I have a friend who has such chronic pain that some days it's a sheer effort to dress herself and takes her over an hour. On those days she wouldn't be capable of even getting to work let alone working for a continued period. Some days she has less pain (is never pain free) and more able to move and on those days she does what housework she can but then she may be incapable of doing any at all the following day. She just has to take each day as it comes.
There is no employer out there who can afford to take on someone who can only come in on a totally irregular basis and do as much as they can but only when they are actually capable of doing it.

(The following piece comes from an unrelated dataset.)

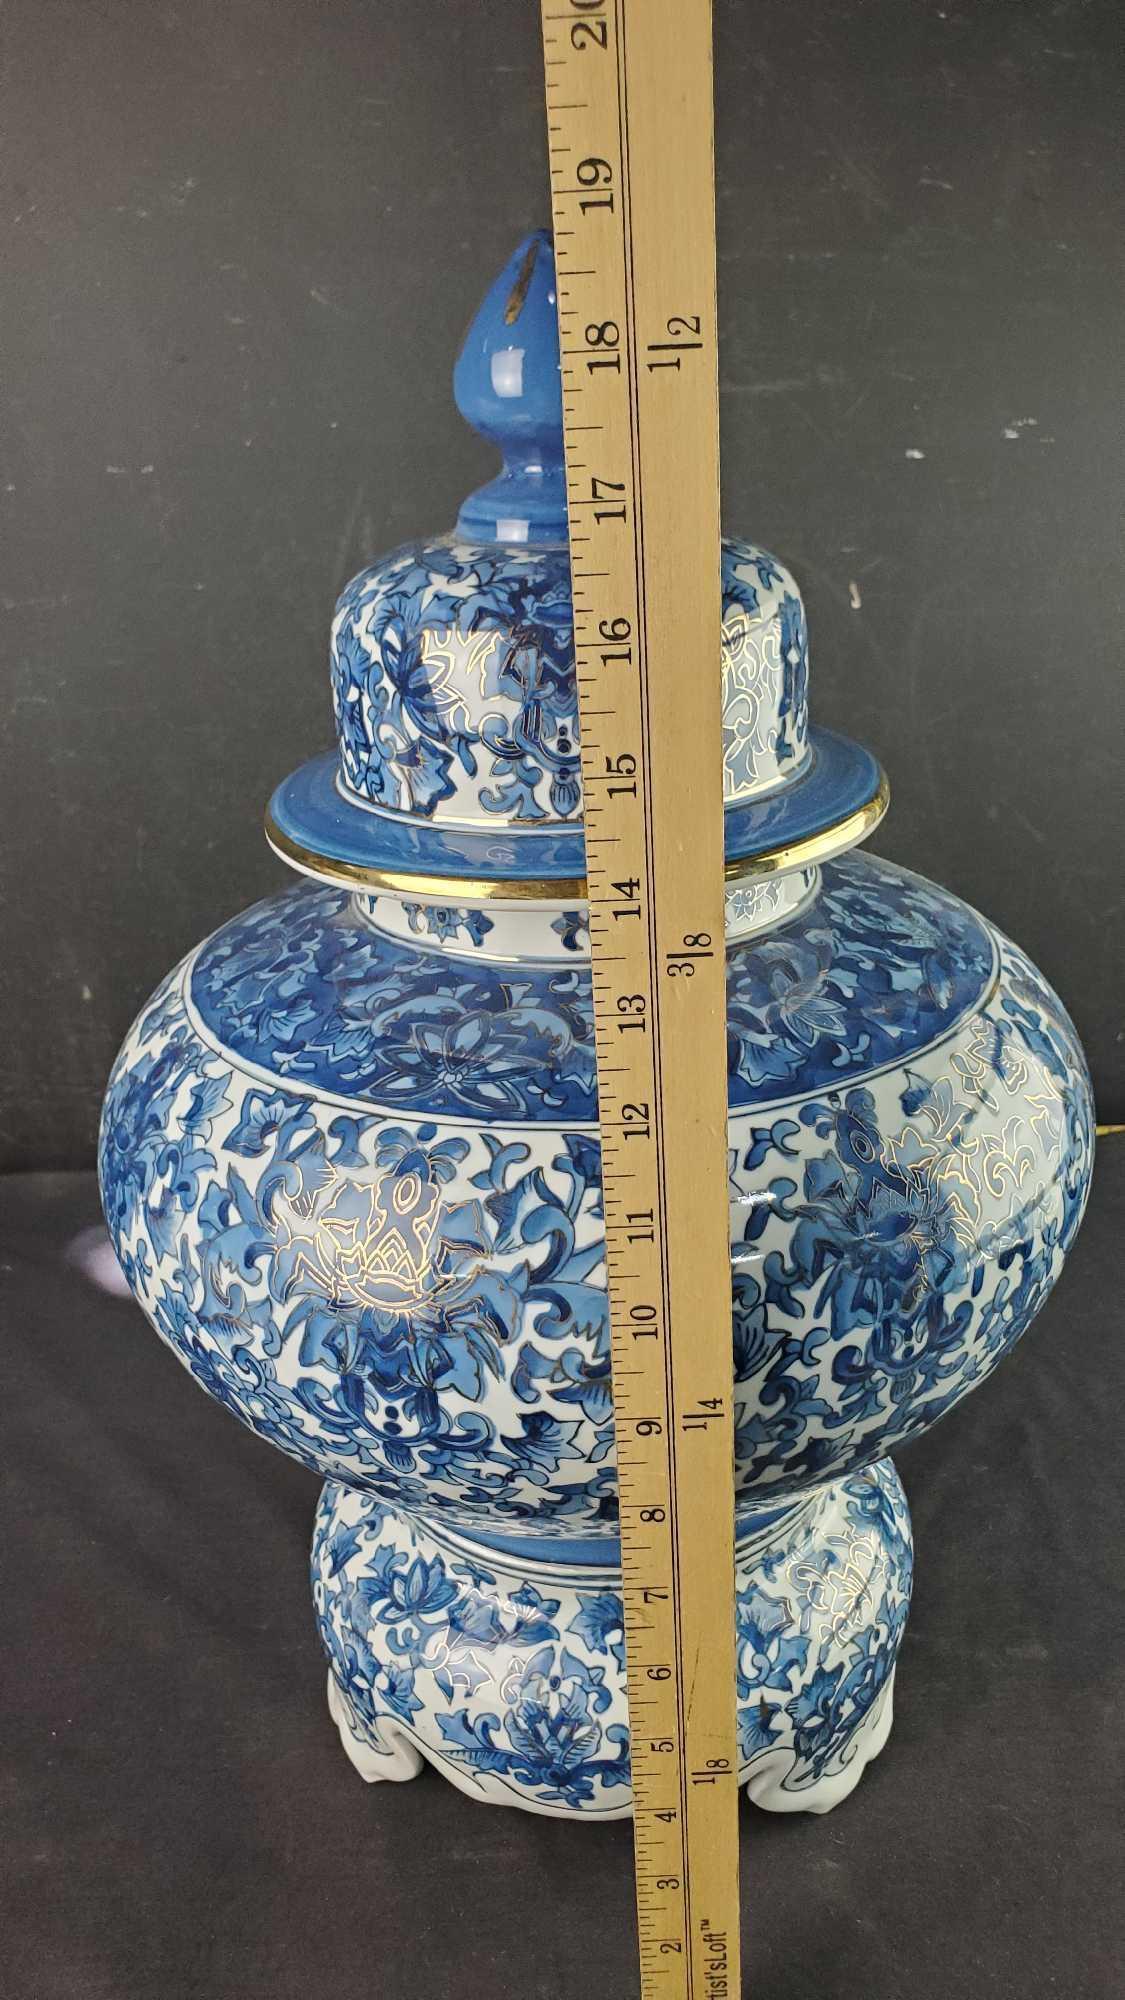 Large porcelain temple jar with pedestal

The medical assessments theoretically should sort out those who can and can't work but some people are very good at acting for the examiner. Others are too honest for their own good. I used to work with a girl whose cousin had rheumatoid arthritis and had been claiming DLA. She was required to go for an assessment but physically couldn't get there so someone visited her at home. Because on the day they called she was able to get to the front door and let them in she lost her benefit!
The comment someone made about having worked all their life and paid into the system so should be entitled to claim something when needed is a valid one. I think we all know that the money we pay in isn't the money we get out. This is why it annoys me when people who have no children complain about their taxes going to fund education. Those children they complain about supporting will one day be paying the taxes which will fund something else. (Possibly the complainant's old-age pension if such things still exist by then.) However, there are many people who contribute to the NI all their lives and die before ever having claimed anything such as my late father who despite being disabled continued to work and dropped dead from a heart attack at the age of 63.